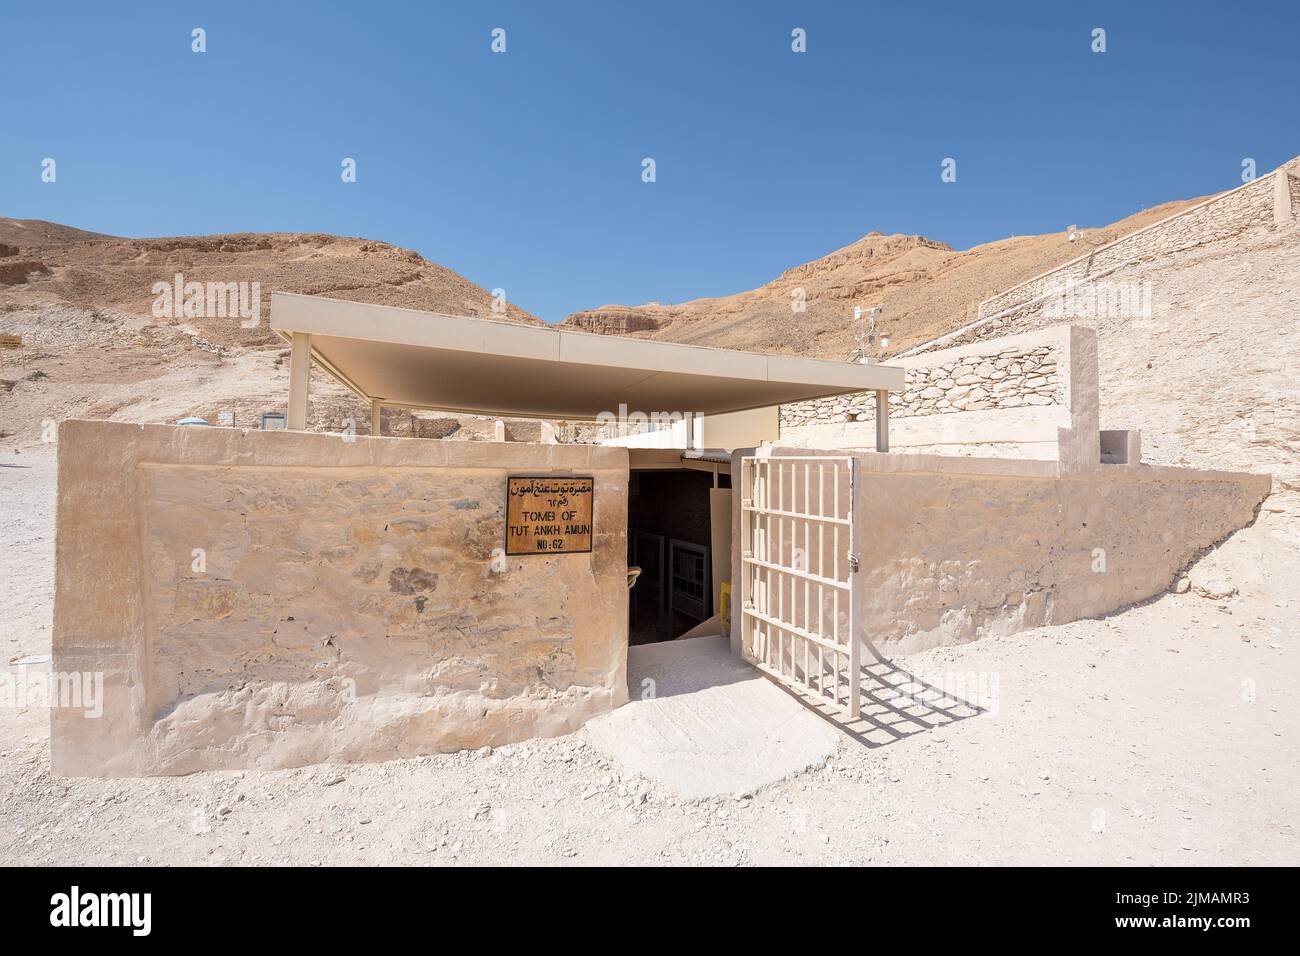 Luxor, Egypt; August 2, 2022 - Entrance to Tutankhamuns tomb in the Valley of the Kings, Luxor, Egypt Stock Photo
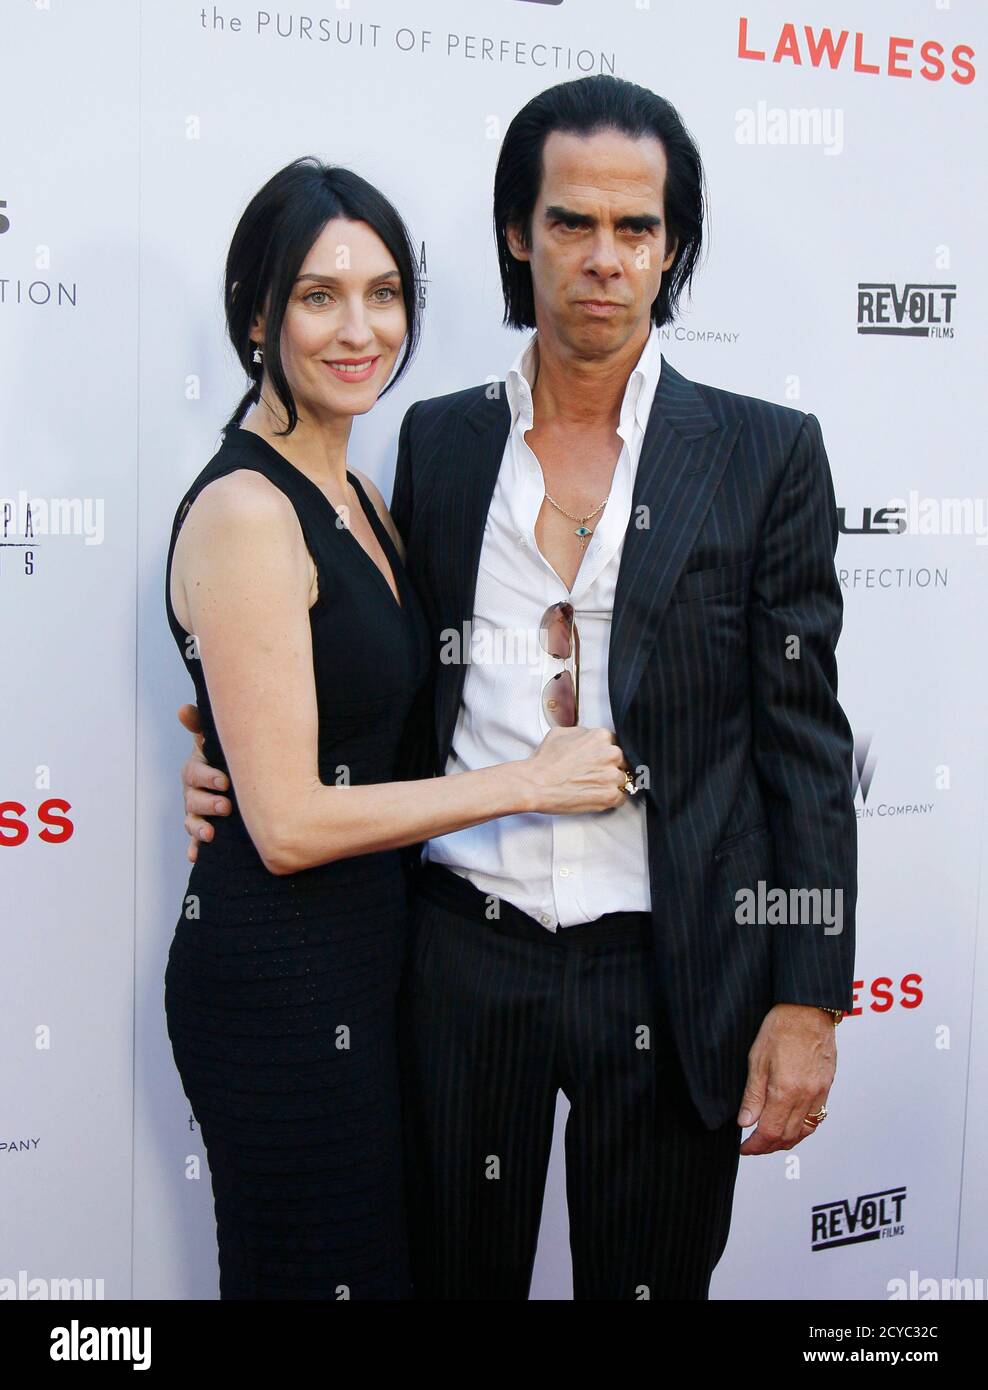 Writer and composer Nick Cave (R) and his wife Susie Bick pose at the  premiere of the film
· · · ·
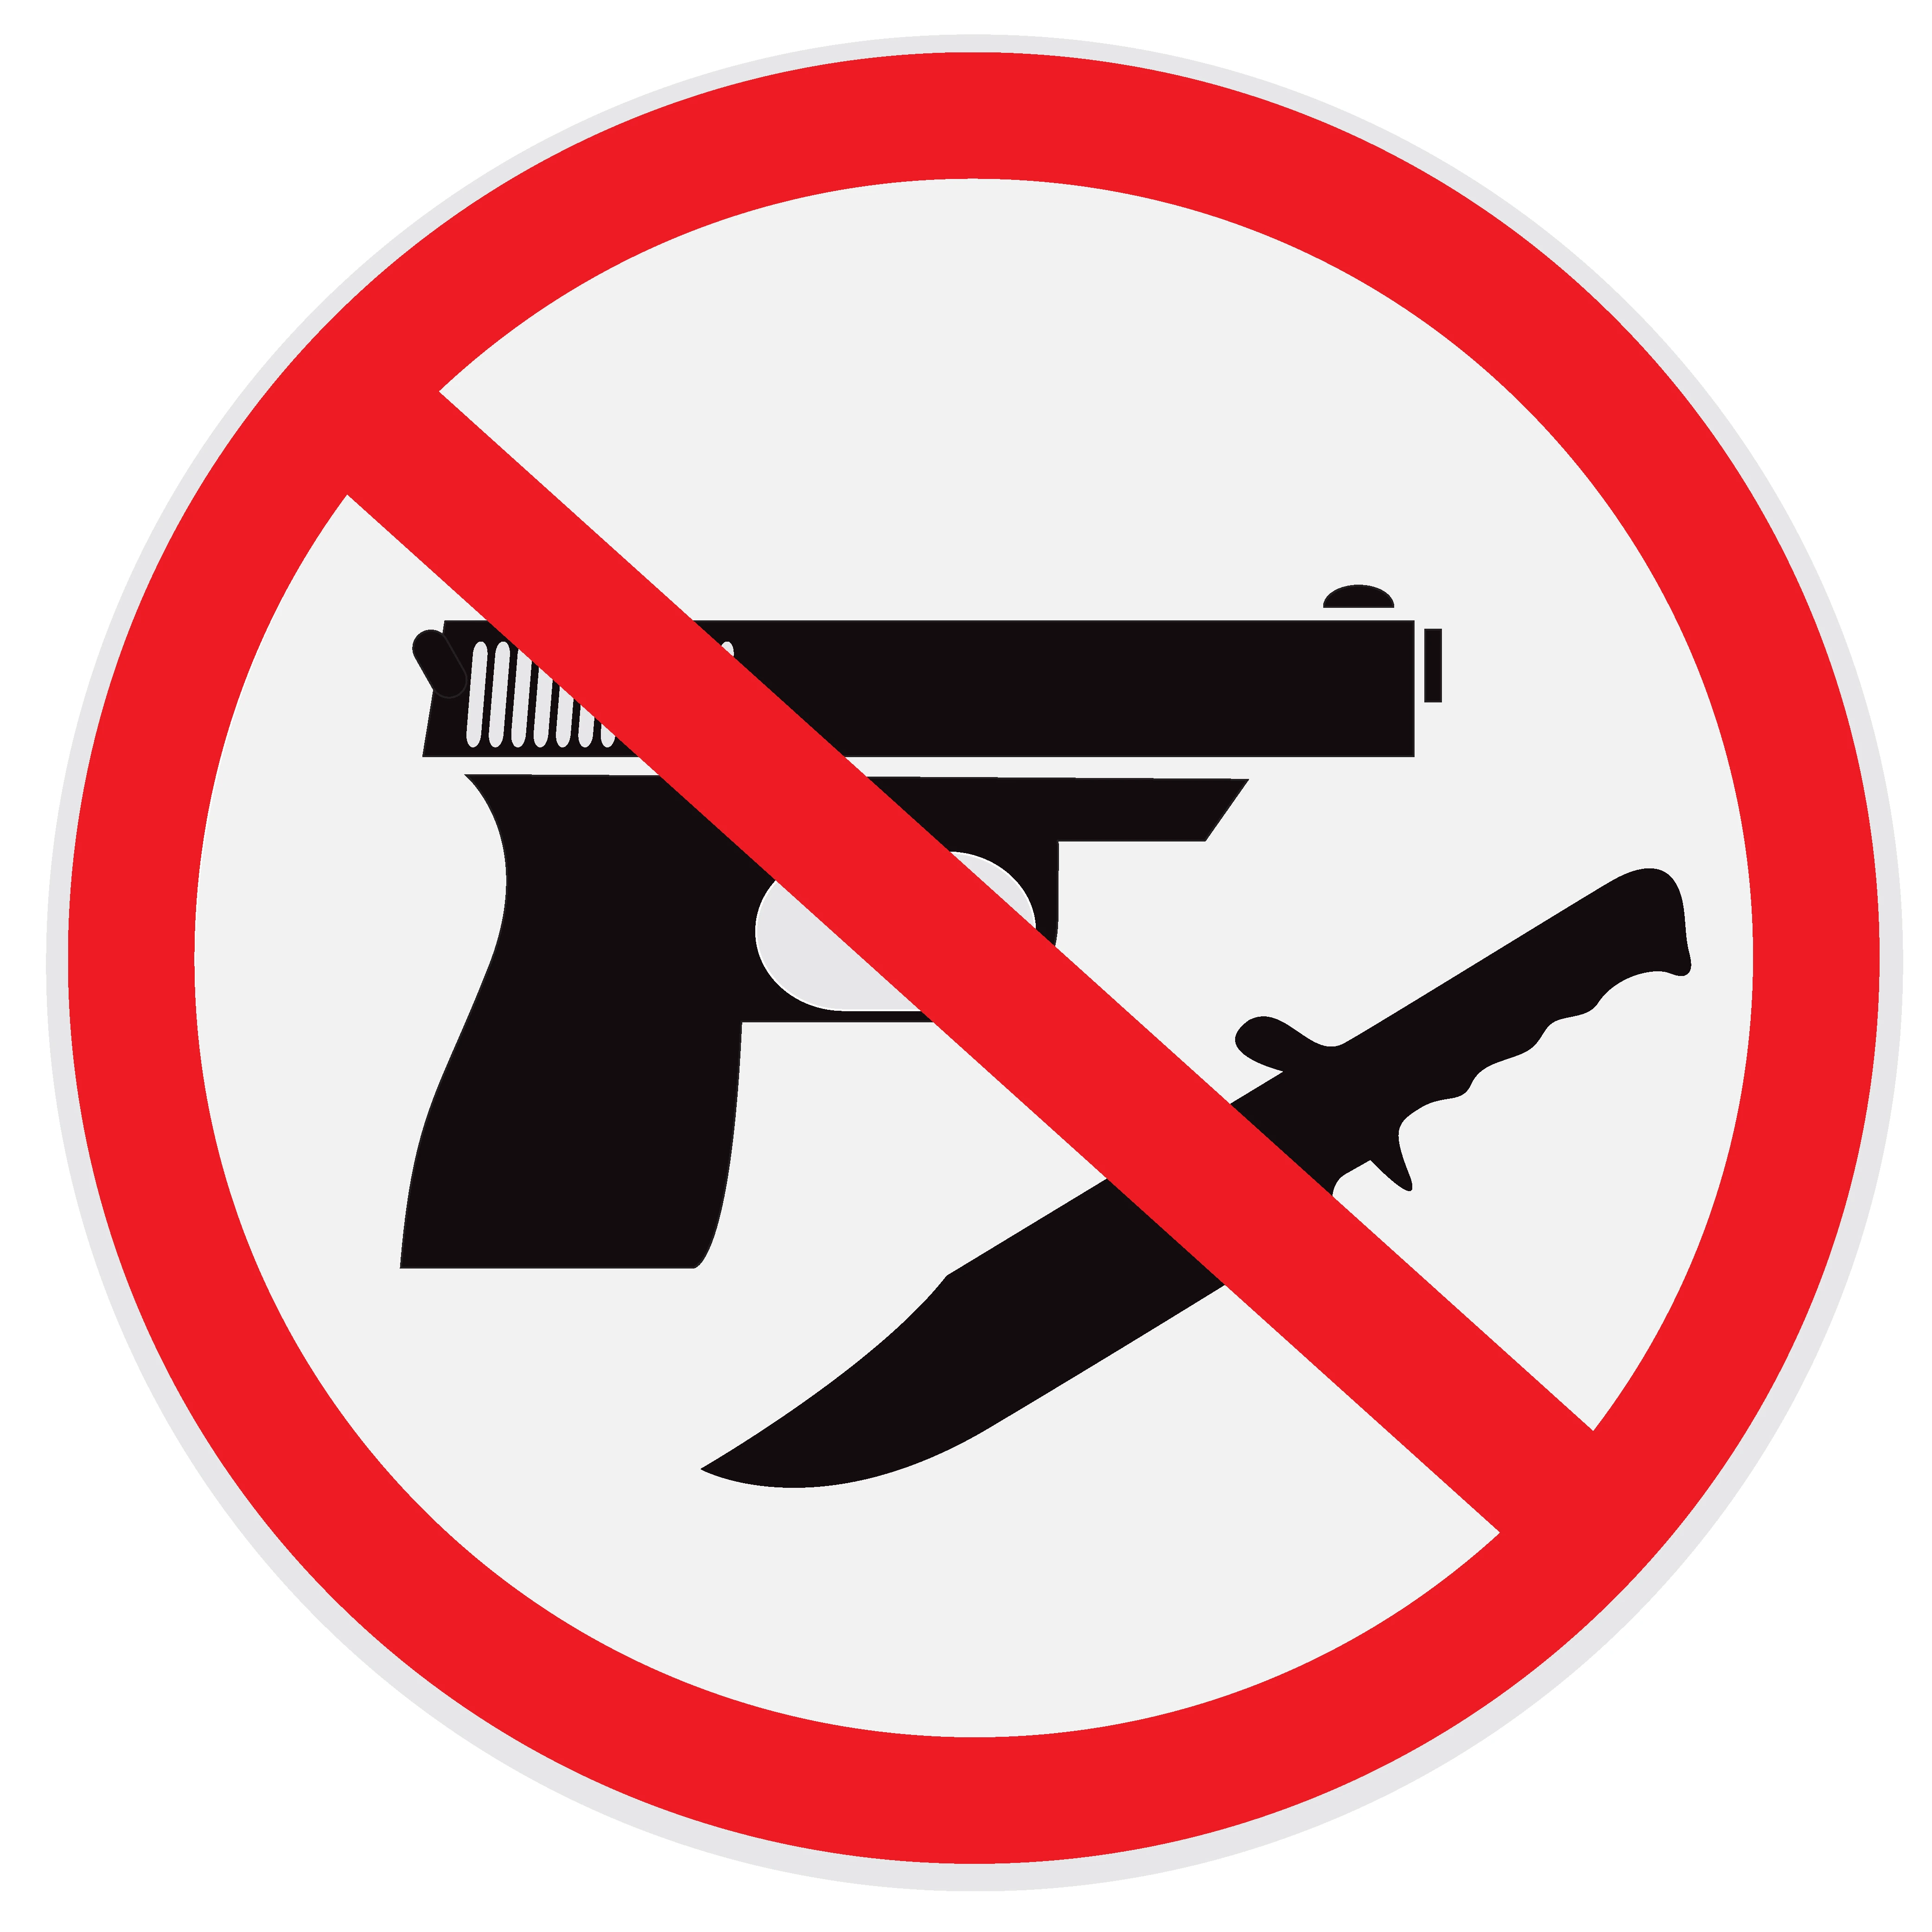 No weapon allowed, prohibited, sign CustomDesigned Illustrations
· · · ·
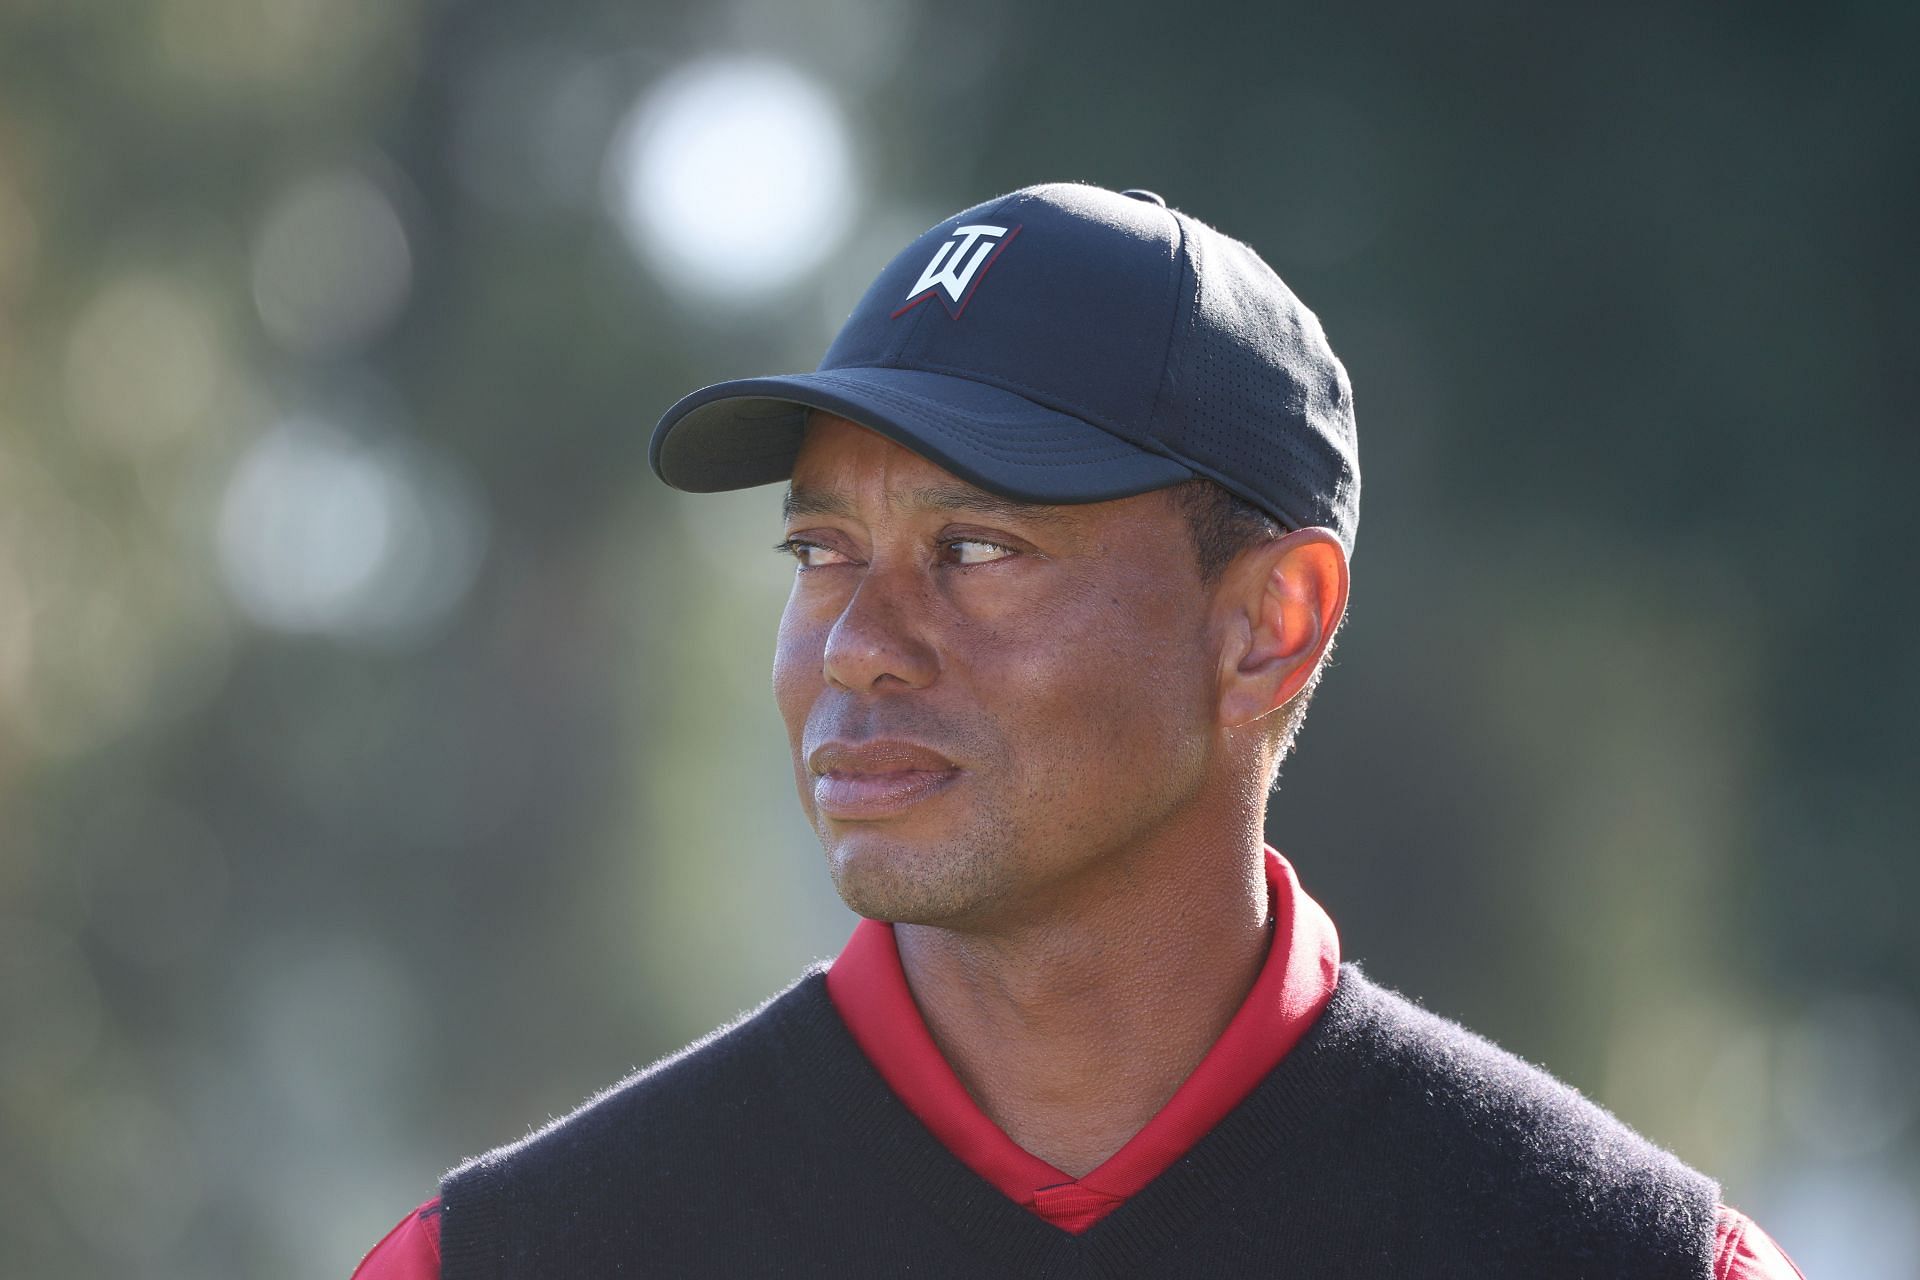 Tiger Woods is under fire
· · · ·
## What to produce
Would you please reproduce the entries above, starting at the line with "Luxor, Egypt; August" and stopping after the line with "Writer and composer"? Omit any pictures.

## Answer area
 Luxor, Egypt; August 2, 2022 - Entrance to Tutankhamuns tomb in the Valley of the Kings, Luxor, Egypt Stock Photo
 Writer and composer Nick Cave (R) and his wife Susie Bick pose at the  premiere of the film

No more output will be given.